Hmmm, I vaguely remember that now.

I'm not sure there's much actual reason to do that except to ensure that
the new process isn't a session leader, because session leaders with no
terminal may acquire any tty they open as a controlling tty, unless they
pass O_NOCTTY all the time to open() and friends.

Running ps -Aj suggests that not all daemons do this, but if we might
open stuff after forking, I guess it's best to be safe.
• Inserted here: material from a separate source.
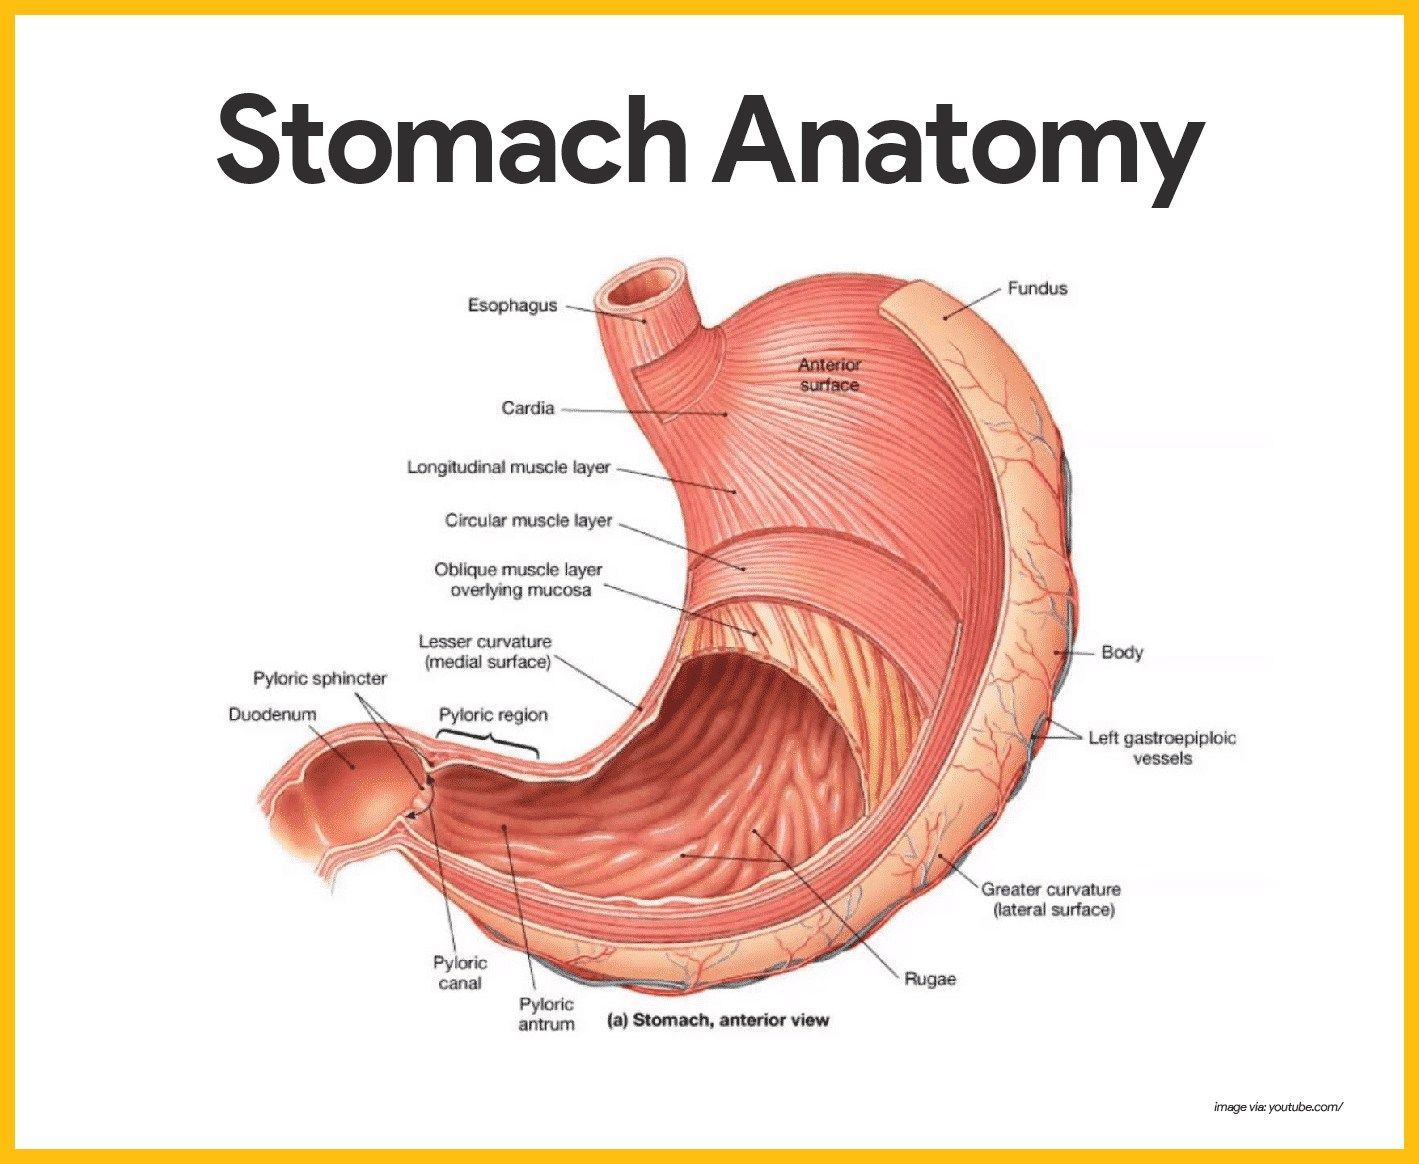 Stomach Diagram Anatomy Stomach Diagram Anatomy Digestive System Anatomy And Physiology Nurseslabs Digestive System Anatomy Anatomy Physiology Stomach Diagram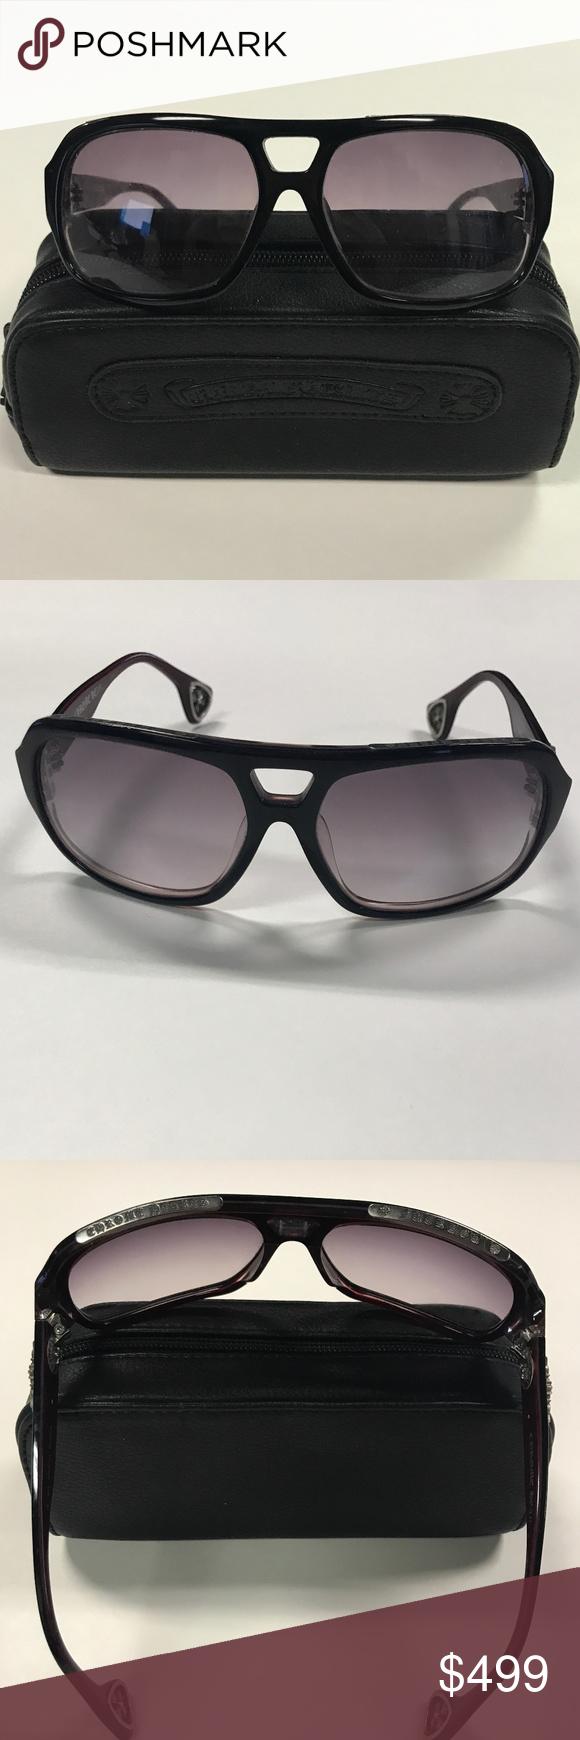 b4f75f53016 Chrome Hearts Boink Sunglasses Unisex Black Red Unisex. Originally  1650. Chrome  Hearts Boink

> > > +	/* Only the grandchild returns here, to do the actual work. */
> > > +	return 0;
> > > +}
> > > +
> > > +static void term_set_tty(int term);
> > > +
> > > +static void detach_terminal(int term)
> > > +{
> > > +	char dummy = 0;
> > > +
> > > +	/* Detaching only make sense if we use the process' terminal. */
> > > +	if (term_fds[term][TERM_FD_IN] != STDIN_FILENO)
> > > +		return;
> > > +
> > > +	/* Clean up just this terminal, leave the others alone. */
> > > +	tcsetattr(term_fds[term][TERM_FD_IN], TCSANOW, &orig_term);
> > > +
> > > +	/* Redirect this terminal to a PTY */
> > > +	term_set_tty(term);
> > > +
> > > +	/*
> > > +	 * Replace STDIN/STDOUT with this new PTY. This will automatically
> > > +	 * transfer all the other serial terminals over.
> > > +	 */
> > > +	dup2(term_fds[term][TERM_FD_IN], STDIN_FILENO);
> > > +	dup2(term_fds[term][TERM_FD_OUT], STDOUT_FILENO);  
> > 
> > Output to a pty master before the slave is opened just disappears.
> 
> Not always, it seems. When I do:
> $ lkvm run -k Image --tty 0
> then wait for a bit and open the pseudo-terminal, I get the full boot log
> "replayed". Not sure who in the chain is actually buffering this, though?

Hmmm, dunno.  Last time I experimented, I didn't see this.

But I can't see what could be buffering it unless the kernel does it or
the writes just block until the slave is opened.  Or we simply don't
consider the pty master writable until the slave is opened, resulting
in kvmtool buffering the output as a side-effect.

Maybe the kernel's behaviour on this point has changed over time.

> > Possibly it would be useful to buffer it somewhere.
> 
> Sounds useful, but it's more a story for another time, I guess, since we
> have the same issue with --tty already.
> One related problem is the gap between starting/detaching a guest and
> connecting to the terminal for the first time, as one cannot do this fast
> and reliable enough without loosing characters, I guess. Maybe it's worth
> to introduce something like "start as paused", so we can connect to the
> terminal and then do a "lkvm resume".
> 
> > I wonder whether it would make sense to redirect to a notional dummy
> > terminal (which might or might not buffer output), and start talking to
> > a pty or socket only once opened by a client.
> 
> Mmmh, sounds like that would fit in nicely since with patch 1/2 we now
> know about connects and possibly even disconnects.

OK, I guess this comes under future ehancements (if we need to do it at
all).

Cheers
---Dave